High tolerance, low consequence systems, on the other hand, are often embodied by what we now often refer to as “cozy games”, experiences where a loss state isn’t just difficult to achieve, but nearly impossible, meaning that every instance of sub-optimal decision-making can be easily recovered from – and because there’s no loss state, almost every mistake can be recovered from eventually. As a result, success can be measured in the degree to which a player succeeds, rather than a binary state of success or failure: a mistake is a setback in the most literal sense, not a loss. This allows the player to continue to set goals and strive to achieve them, while relieving them of the stress that comes with the possibility of failure, leading to the reason why cozy games are so cozy in the first place.
The ability to set goals also plays into a third pillar of difficulty, one which only applies to narrative-focused games with branching storylines. Cozy games in particular tend to provide players with certain mutually exclusive success states. This usually manifests as a choice of different romantic partners (I haven’t seen any cozy games which let you form a polycule – but I’m sure there’s probably one out there). This means that one player’s “win” condition can be different from another’s, and an additional element of “difficulty” comes from choosing the particular win state that particular player wants.
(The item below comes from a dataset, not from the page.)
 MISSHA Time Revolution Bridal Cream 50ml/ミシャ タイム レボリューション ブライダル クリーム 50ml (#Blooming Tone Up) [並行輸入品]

This is something I explore a lot in my own work. By presenting multiple, mutually exclusive win states with differing narrative outcomes, I can separate the binary state of win and loss into a graduated scale of greater and lesser wins. Thus, the player has the ability to set the difficulty themselves in a way, by consciously choosing which ending to aim for, with the most positive ending (often referred to as the “Golden Ending”) requiring the most optimal decision-making, while a suboptimal – but still positive – ending makes allowances for more mistakes. As a result, the player can determine how many mistakes they are “allowed” to have, by essentially choosing which win states are actually acceptable to them. A player who wants a challenge can decide that only the Golden Ending qualifies as a successful run, while a less fastidious player – or one who simply wants a more relaxed time – could decide that any end state not an overt loss is good enough, resulting in an experience far more permissive of sub-optimal play.
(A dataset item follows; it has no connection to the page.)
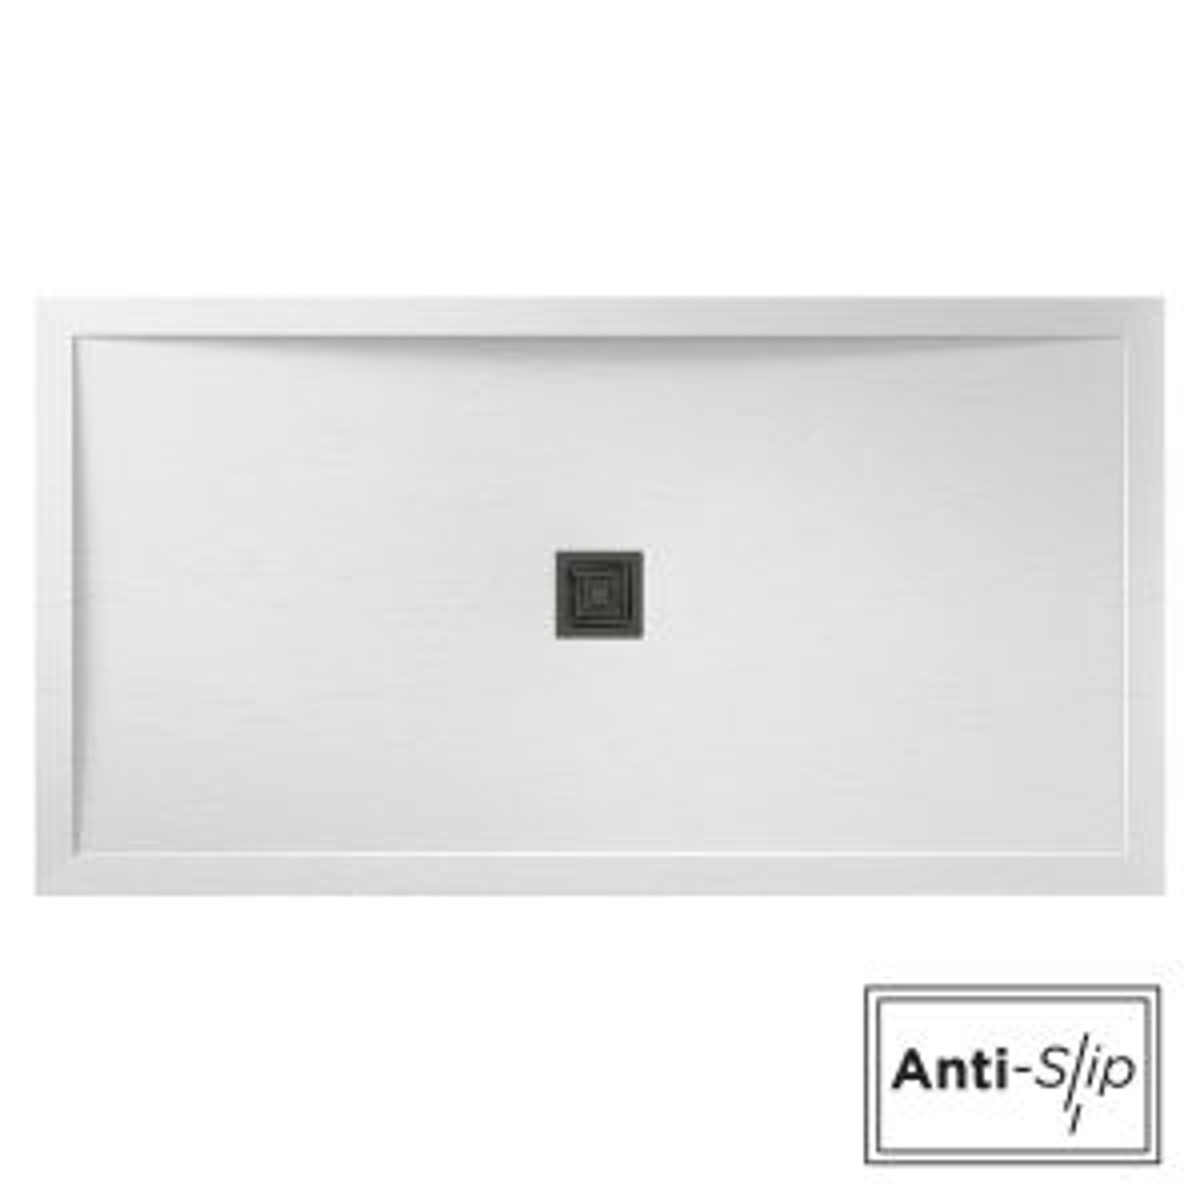 Aqualavo White Slate Shower Tray 1700 x 800

The result is an “elastic” system of difficulty which, if done right, will effectively allow the player to set their own level of challenge in an organic and diegetic way. A player who aims high or chooses a particularly difficult goal (as contextualised by the setting and narrative) could be playing at a higher difficulty than one who chooses more humble or conventional goals as their desired end state – even if they are both playing the same game. The potential result is a work which is both accessible to those who want it, and challenging to those who want to tough it out.
What I’m trying to say here is that difficulty is a tool in your toolbox, one that lets you finetune the experience that you want your players to have. Obviously, I don’t know precisely what that experience is, but now that I’ve given you some idea on how the concept of difficulty comes together, you might have some ideas as to how to work it out for yourself.